Lastly, these findings raise the question of whether glycans could have active catalytic roles also in natural settings, like proteins and some RNAs66. For example, it was recently reported that cation–π interactions could modulate the reactivity of selected Trp in proteins62. We speculate that carbohydrate–aromatic interactions could have similar effects and (dis)favour selective protein modifications. Similarly, natural glycans carry numerous ionic groups that might engage in interactions with a substrate and tune its reactivity, opening up new perspectives in the glycosciences.
Methods
Synthesis
The oligosaccharides were prepared using a home-built synthesizer designed at the Max Planck Institute of Colloids and Interface68. All details concerning BB synthesis, AGA modules and post-AGA manipulations can be found in Supplementary Information sections 2 and 3.
MD simulations
For all simulations, the modified version GLYCAM06 force field was used69. Initial conformations for single-hairpin simulations were constructed with the Glycam Carbohydrate builder and tleap (https://glycam.org/).
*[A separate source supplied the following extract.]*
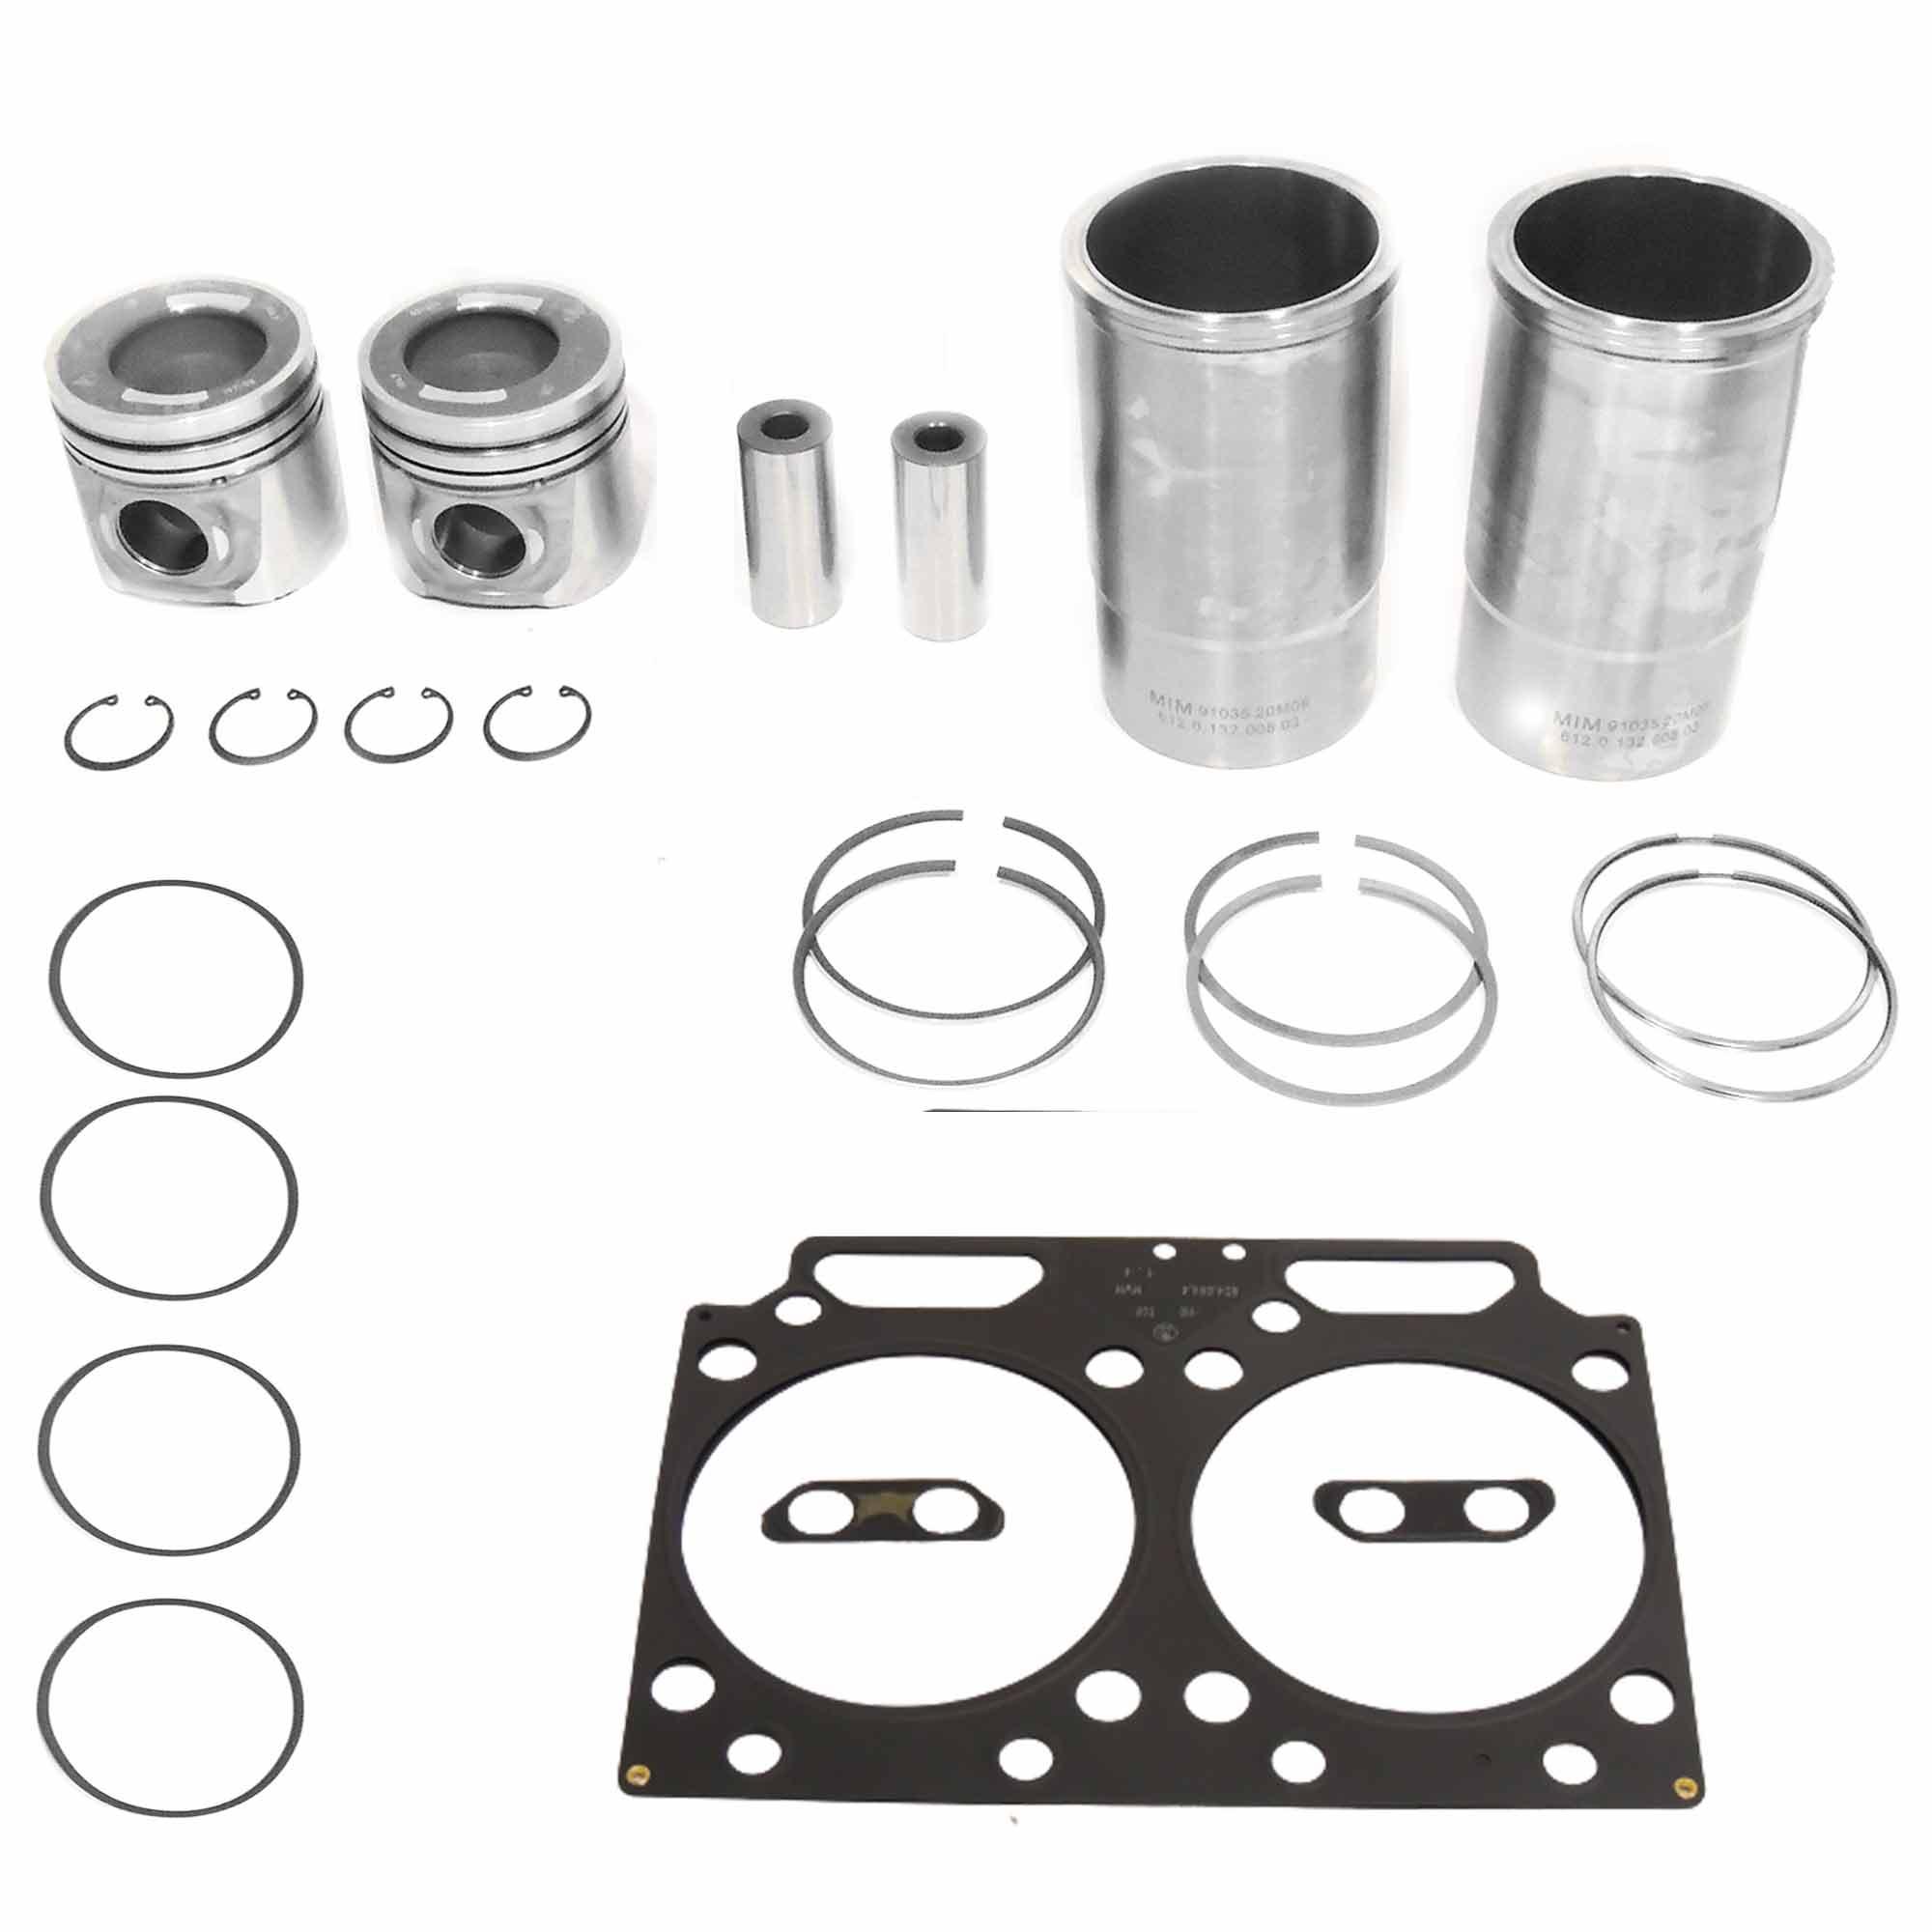 961280190478 - Kit de reparo para 2 cilindros - Master Kit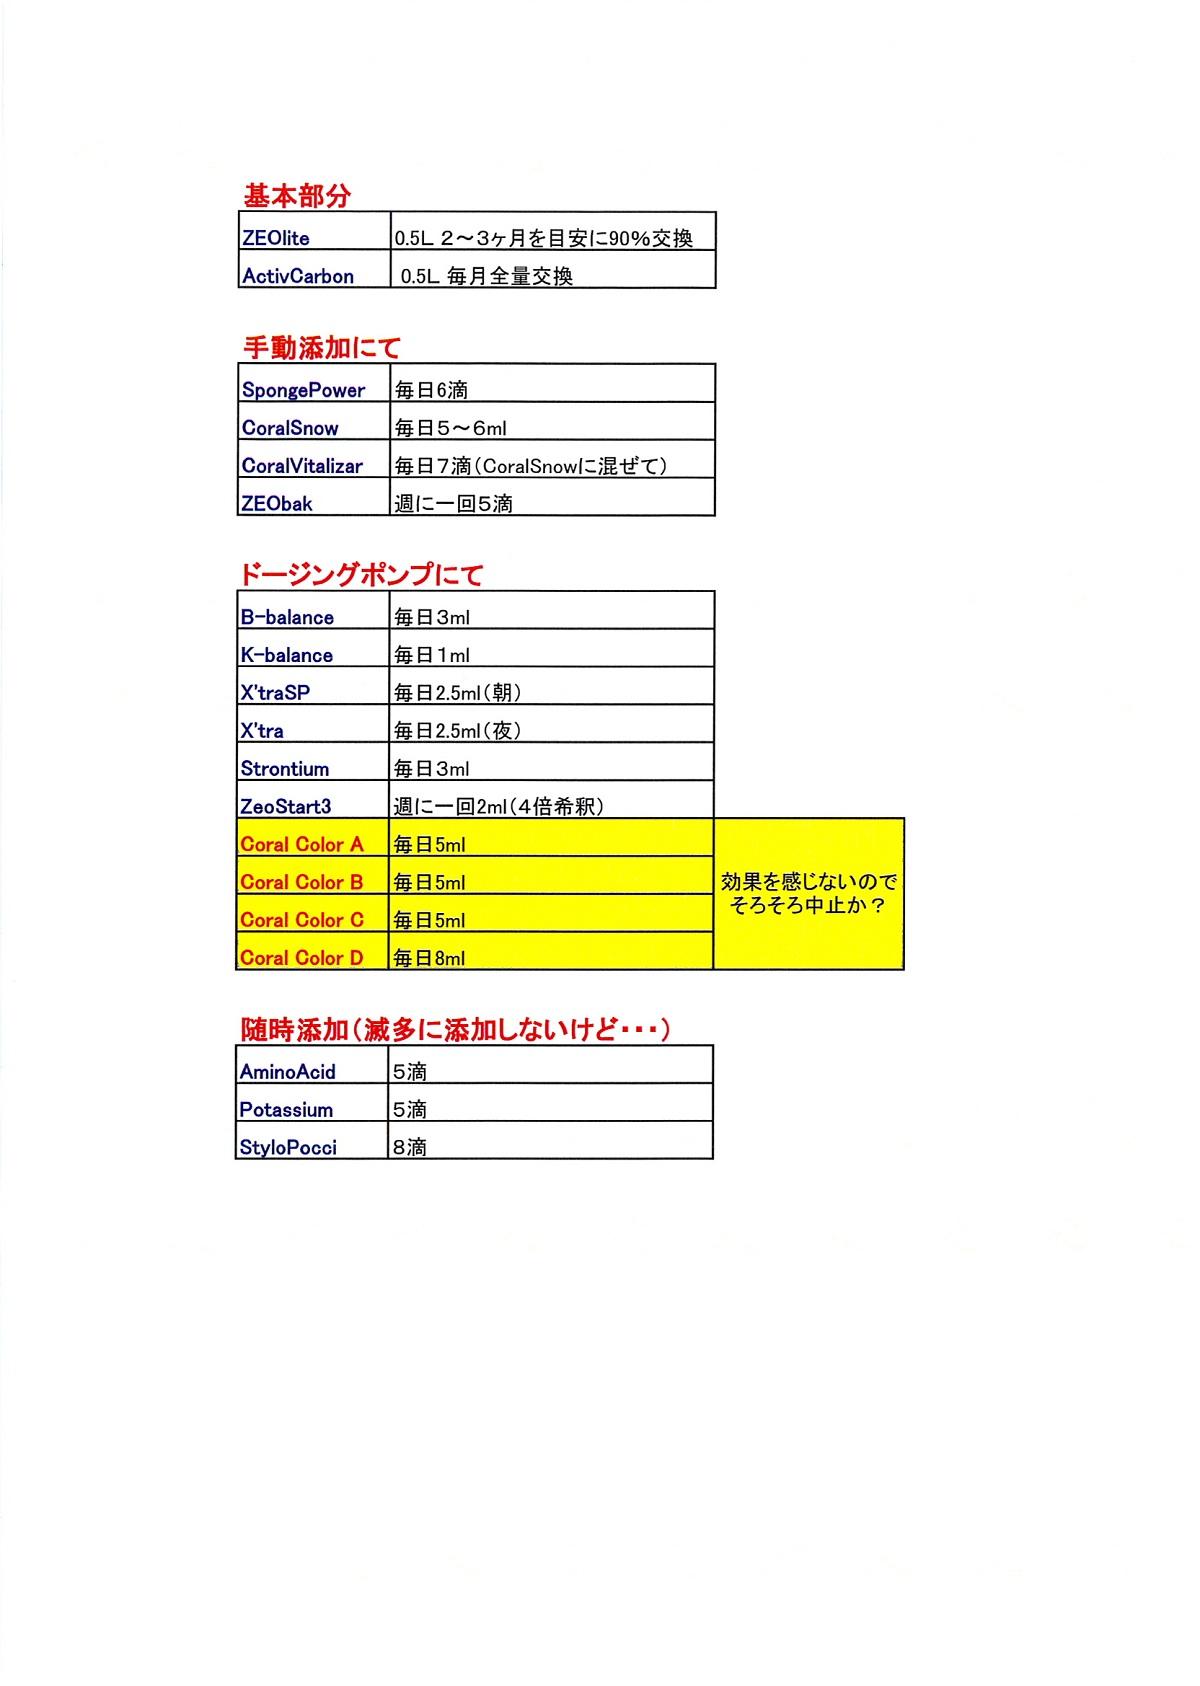 MX-2300FG_20130405_175400_001.jpg

Both compounds with a free reducing end were modelled as β anomers. The topology was subsequently converted using the Python script acpype. Both simulations were performed in water as solvent using TIP5P as the water model70. The simulation time for the single-molecule experiments was 500 ns. Bonds involving hydrogens were constrained using the LINear Constraint Solver (LINCS) to allow a 2 fs timestep. Non-bonded interactions were cut off at 1.4 nm, and long-range electrostatics were calculated using the particle mesh Ewald method71. After energy minimization (steepest descent algorithm) and before the production run, the systems were equilibrated at 300 K for 50 ns in a canonical (NVT) ensemble (constant number of particles, volume and temperature) and subsequently at 300 K and 1 bar for 50 ns in an isothermal–isobaric (NPT) ensemble. All MD simulations were performed using Gromacs 5.1.2 (ref. 72). A Nosé–Hoover thermostat73 kept the constant temperature of 303 K constant while a Parrinello–Rahman barostat74 ensured a constant pressure of 1 bar. The analysis was visualized using OriginPro 2021b. Further details on MD simulations are reported in Supplementary Information section 4.3.
NMR analysis
1H, 13C, HSQC, 1D and two-dimensional (2D) TOCSY, 2D ROESY and 2D NOESY NMR spectra were recorded on a Varian 400-MR (400 MHz), Varian 600-NMR (600 MHz) and Bruker Biospin AVANCE700 (700 MHz) spectrometer. Samples were prepared by dissolving lyophilized samples in D2O. Proton resonances of the oligosaccharides were assigned using a combination of 1H, 2D COSY, HSQC, and 1D and 2D TOCSY. Selective 1D TOCSY (HOHAHA, pulse program: seldigpzs) spectra were recorded using different mixing times to assign all the resonances (mixing time d9 is 40, 80, 120, 160, 200, 350 and 450 ms). Two-dimensional TOCSY (pulse program: mlevphpp) spectra were recorded using a mixing time of d9 at 80 ms. Two-dimensional ROESY (pulse program: reosyph.2) and 2D NOESY (pulse program: noesygpphpp) spectra were recorded using different mixing times (mixing time p15 is 200 ms for ROESY and mixing time d8 is 1,000 ms for NOESY). d8 determines the duration of mixing time. It largely depends on the relaxation behavior of the investigated molecule. d9 determines the duration of the spin lock and hence over how many protons the magnetization will be distributed. p15 is the duration of the spin lock and is equal to the mixing time. The full NMR analysis of glycans and CH–π interactions reported in this article can be found in Supplementary Information sections 4.4 and 4.5.